Material provided:
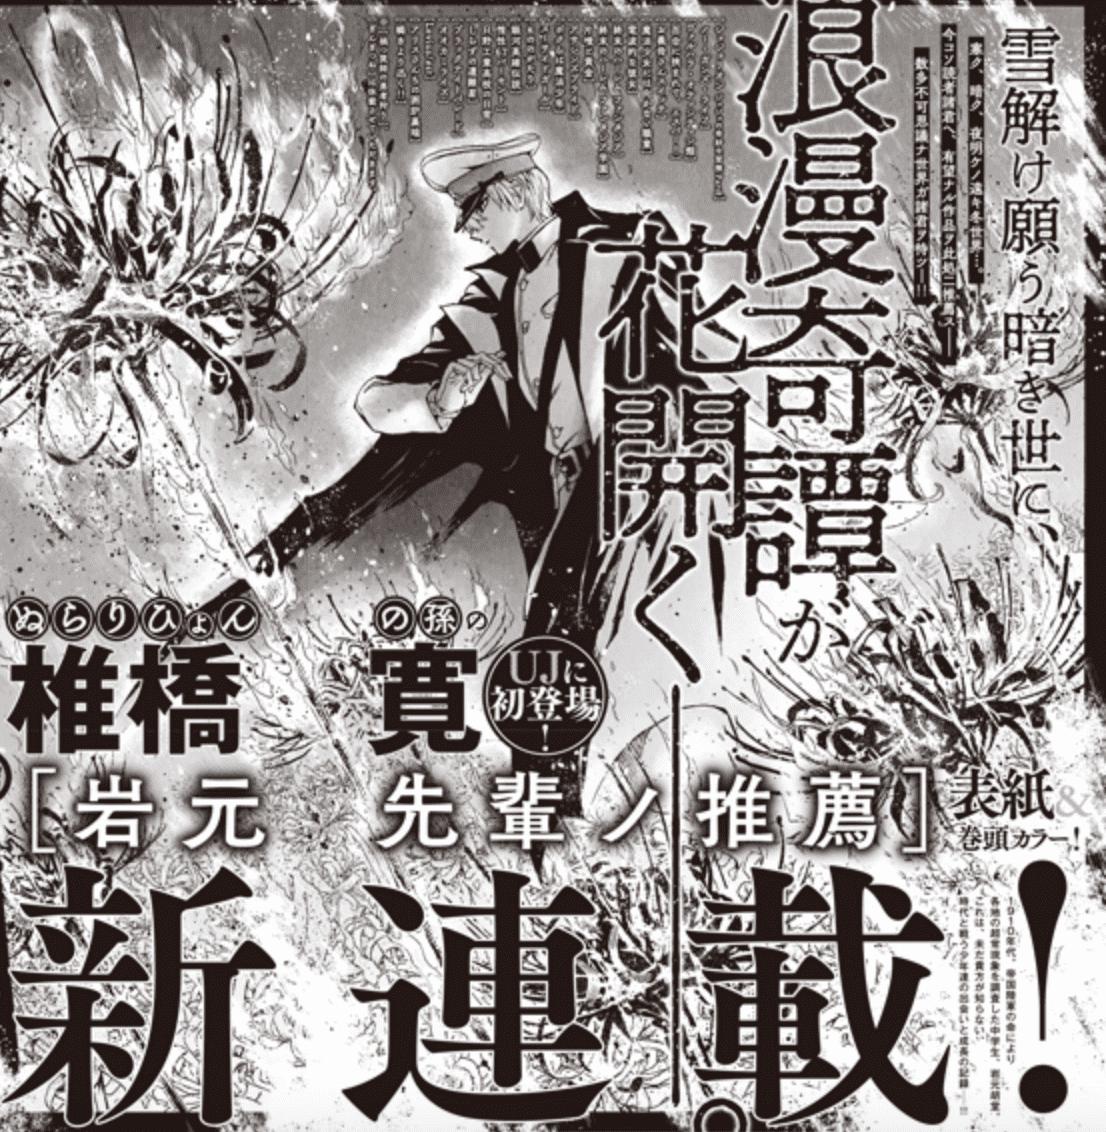 Iwamoto-Senpai no Suisen Affiche
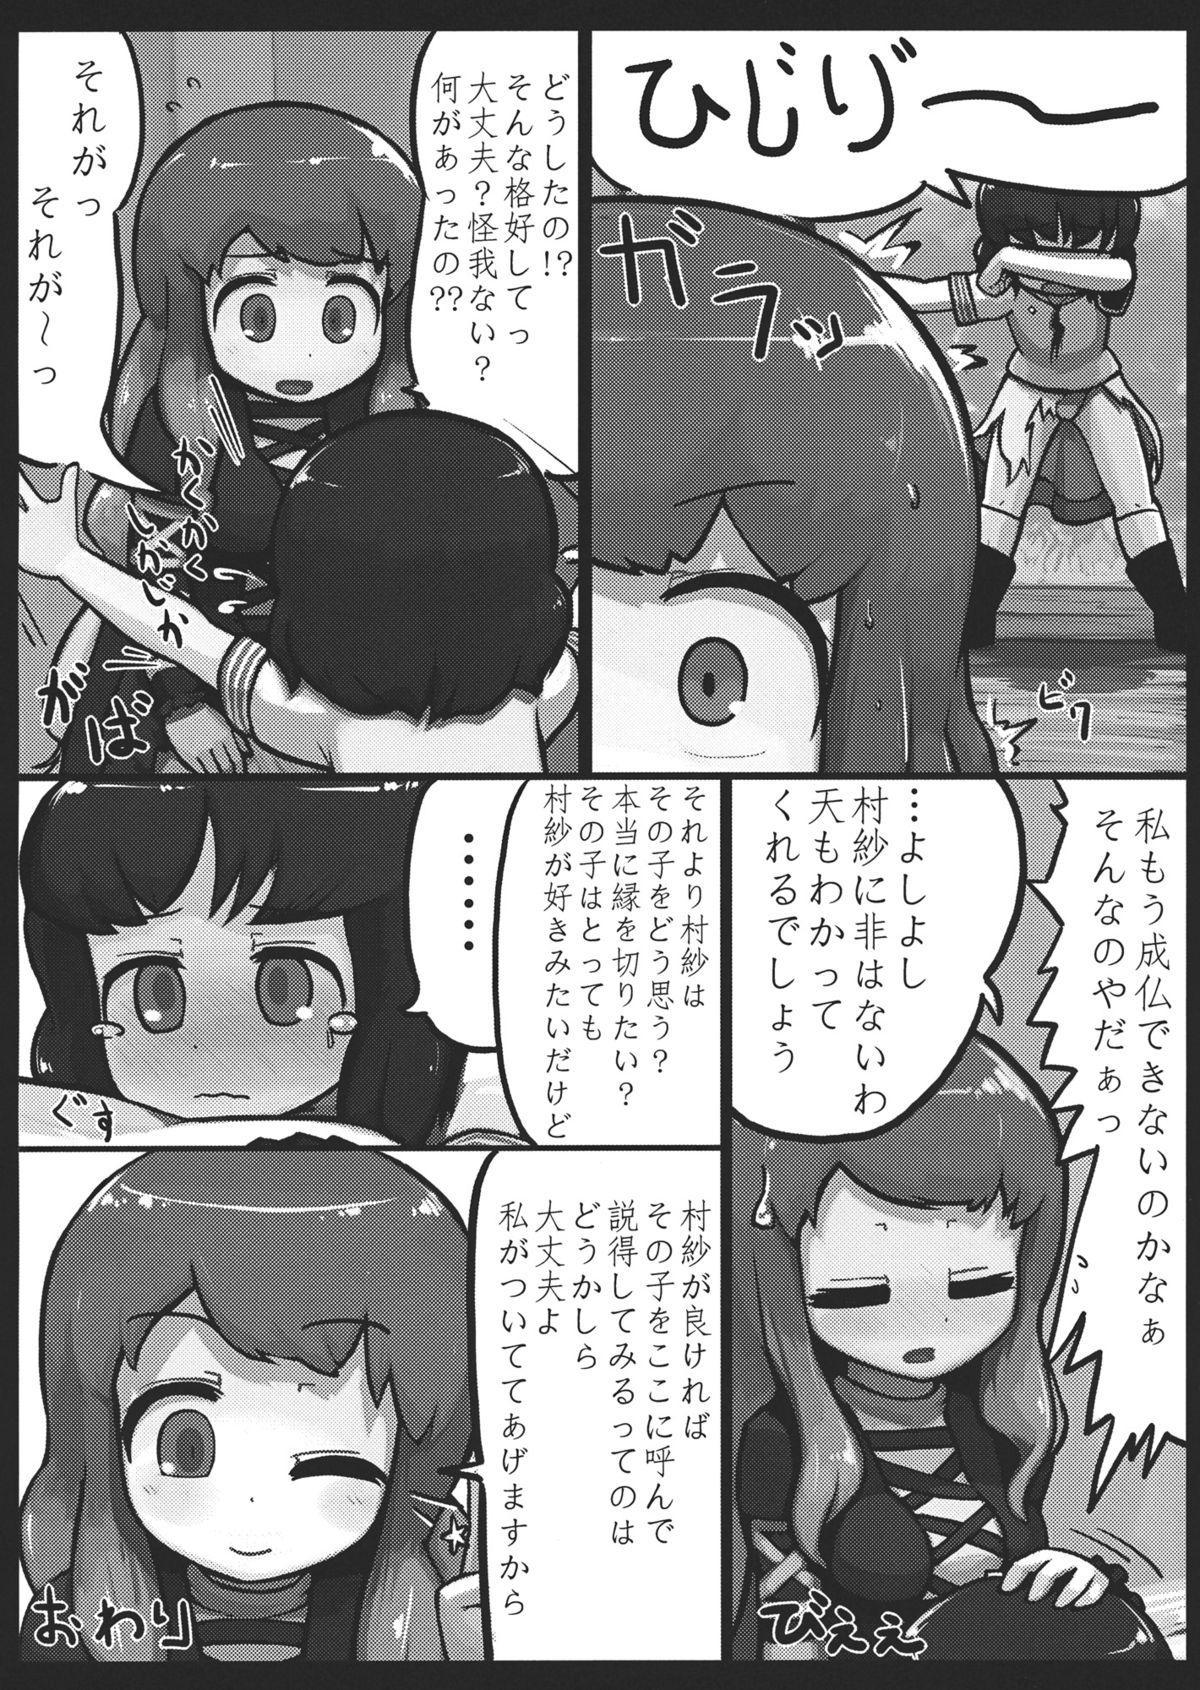 Nue x Murasa Shunga 24
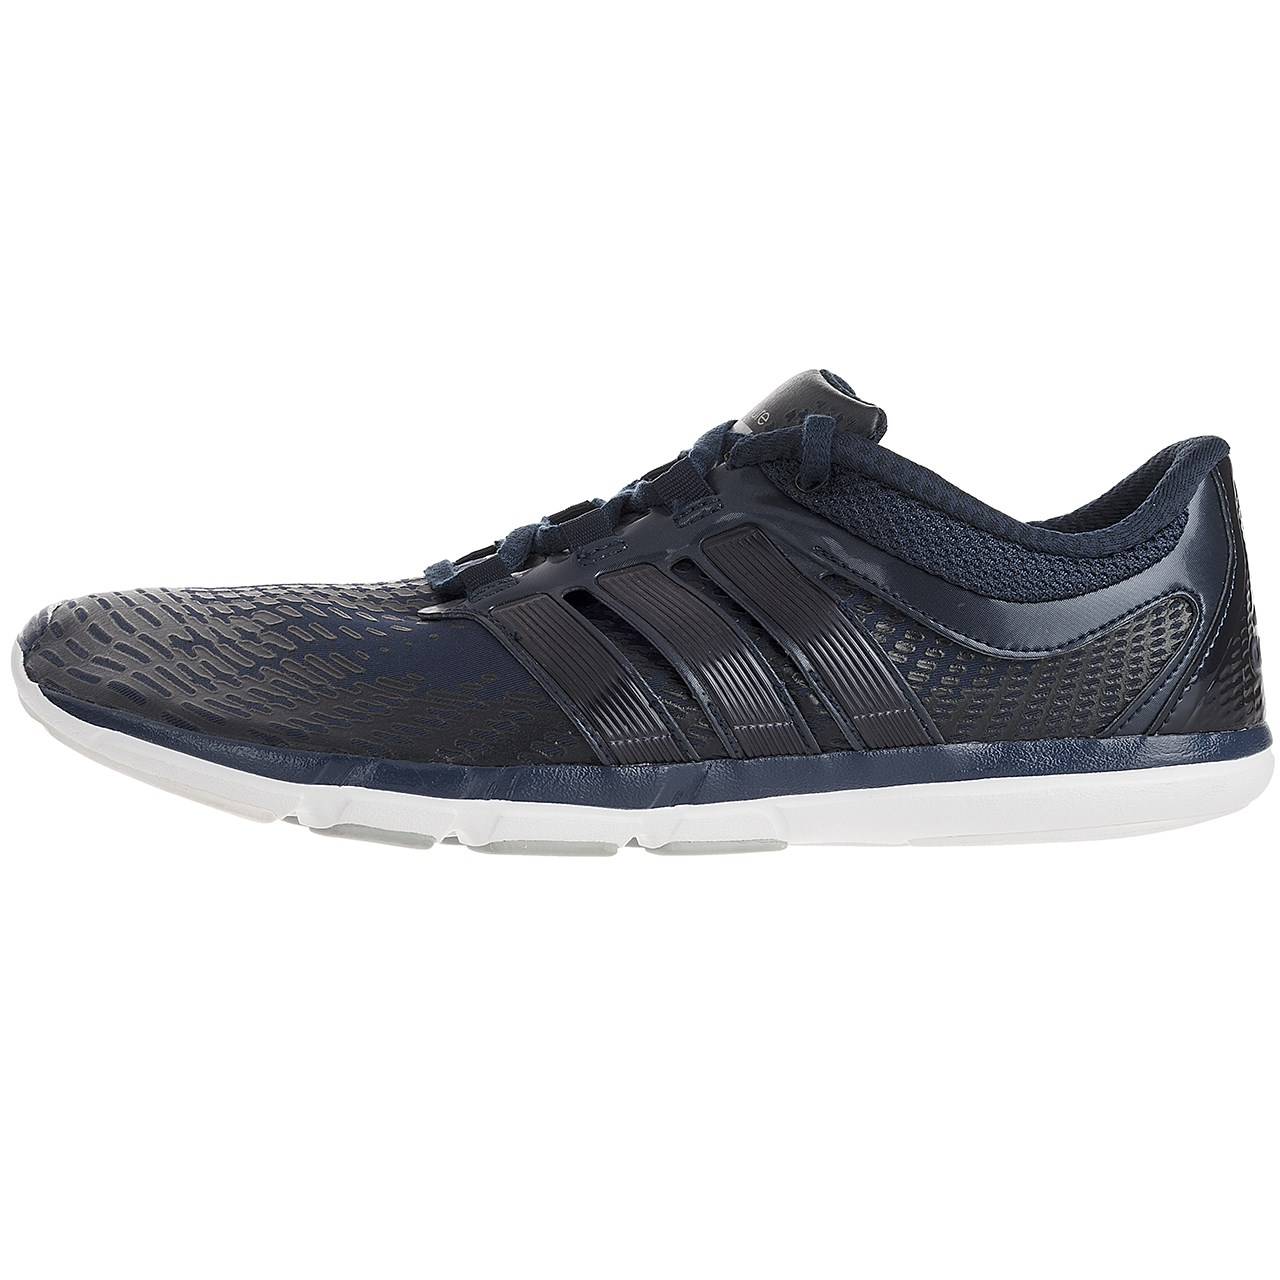 new products 1c756 134bf تصویر کوچک کفش مخصوص دويدن مردانه آديداس مدل Adipure Gazelle 2 Adidas  Adipure Gazelle 2 Running

How to complete this task: Excluding all images, transcribe the material word for word.

Answer to the exercise:
 Iwamoto-Senpai no Suisen Affiche
 Nue x Murasa Shunga 24
 new products 1c756 134bf تصویر کوچک کفش مخصوص دويدن مردانه آديداس مدل Adipure Gazelle 2 Adidas  Adipure Gazelle 2 Running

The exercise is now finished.